Deployment and Zero-Downtime Strategy
Achieving zero-downtime deployments is critical. The architecture supports this:
- Deploy to one App Server at a time:
- Update the code on one application server.
- Run database migrations (carefully, ensuring backward compatibility).
- Restart Puma on that server.
- Monitor logs and application health.
- Once confirmed healthy, repeat the process for the second application server.
- Load Balancer Health Checks: HAProxy will automatically stop sending traffic to an unhealthy Nginx server during the deployment process. Nginx, in turn, will stop sending traffic to an unhealthy Puma instance.
- Database Migrations: Always ensure your migrations are backward-compatible. This means new code can run with the old database schema, and old code can run with the new schema. This allows you to deploy code changes incrementally.
Monitoring and Alerting
Robust monitoring is key to maintaining high availability and identifying cost-saving opportunities. Key metrics to track include:
- CPU and Memory Usage: On all servers (HAProxy, Nginx, Puma, Database).

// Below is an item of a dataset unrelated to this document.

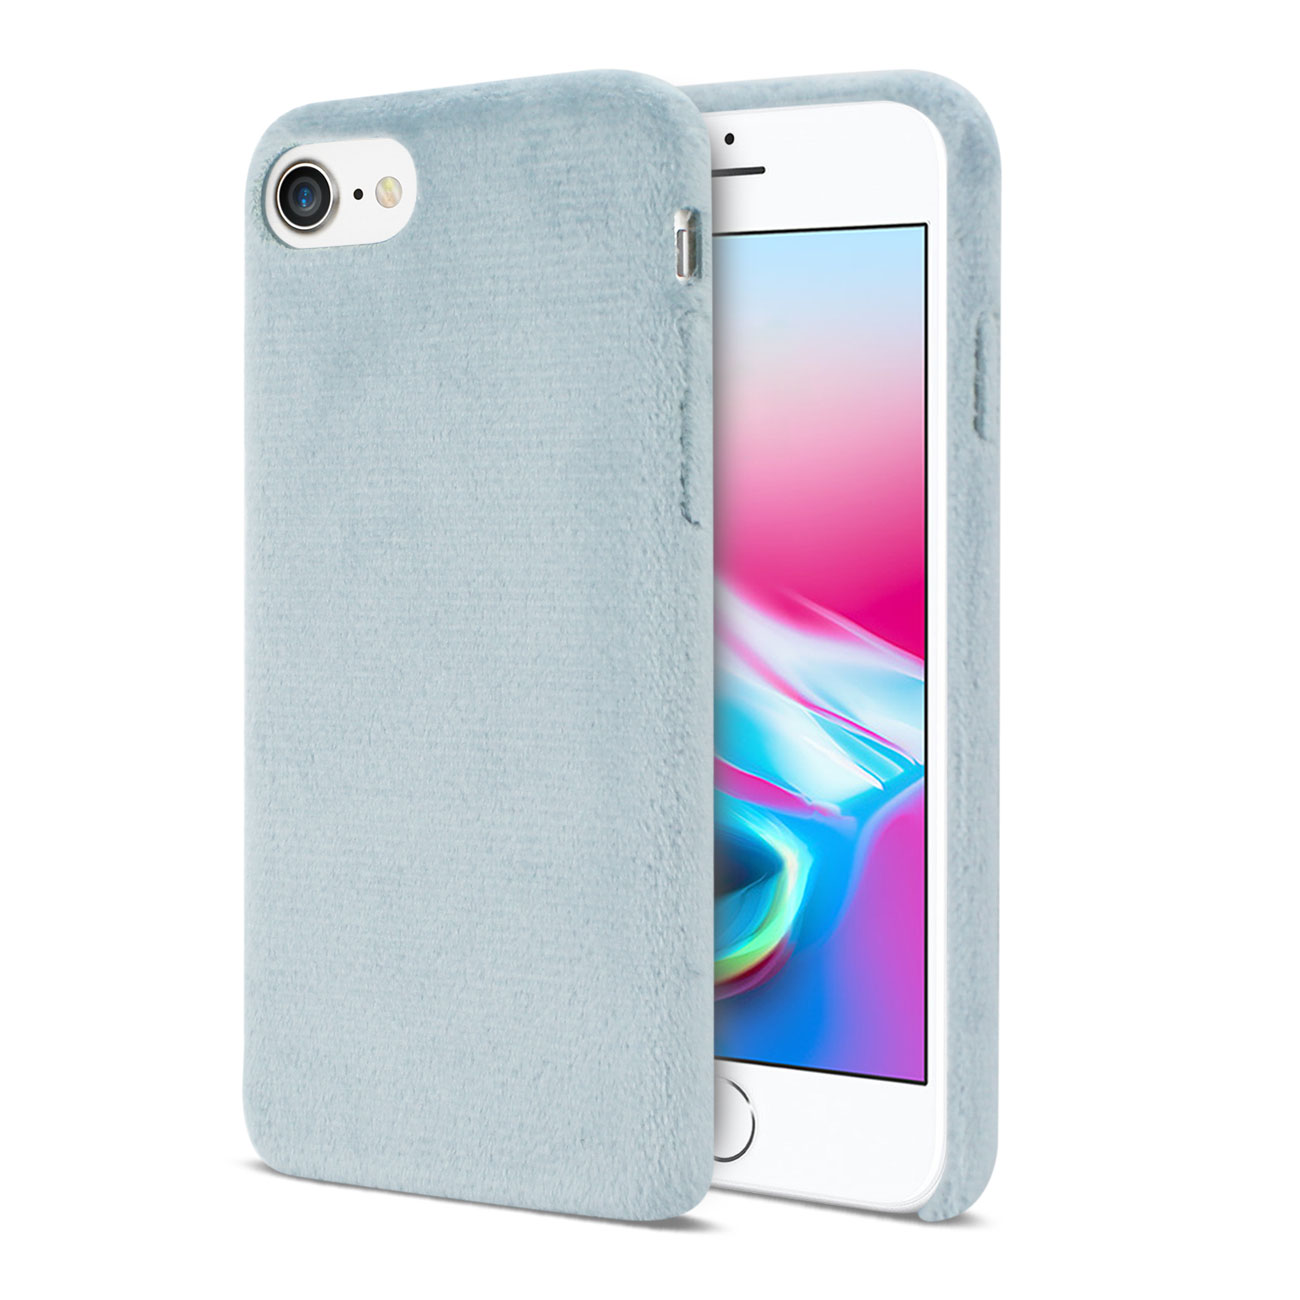 iPhone 8/ 7 Fuzzy Fur Soft TPU Case In Gray

- Network Traffic: Especially on the HAProxy and Nginx instances.
- Request Latency: Tracked at the Nginx and HAProxy levels.
- Error Rates: Monitor Nginx error logs and application logs for exceptions.
- Database Performance: Query times, connection counts, and disk I/O.
Tools like Prometheus with Grafana, or Linode’s built-in monitoring, can be leveraged. Set up alerts for critical thresholds (e.g., high CPU, elevated error rates, unresponsive servers).
Cost Optimization Summary
This architecture optimizes costs by:
- Horizontal Scaling: Using multiple smaller, cheaper Linode instances instead of a few large ones.
- Managed Database: Offloading database administration to Linode’s managed service, reducing operational overhead.
- Efficient Web Serving: Nginx serving static assets directly, reducing load on application servers.
- Open-Source Tooling: Relying on battle-tested open-source software like Nginx, Puma, and HAProxy.
- Predictable Pricing: Linode’s transparent pricing model allows for accurate budget forecasting.
By carefully selecting instance sizes, leveraging redundancy, and implementing efficient configurations, you can build a highly available and cost-effective Ruby stack on Linode that scales with your application’s needs.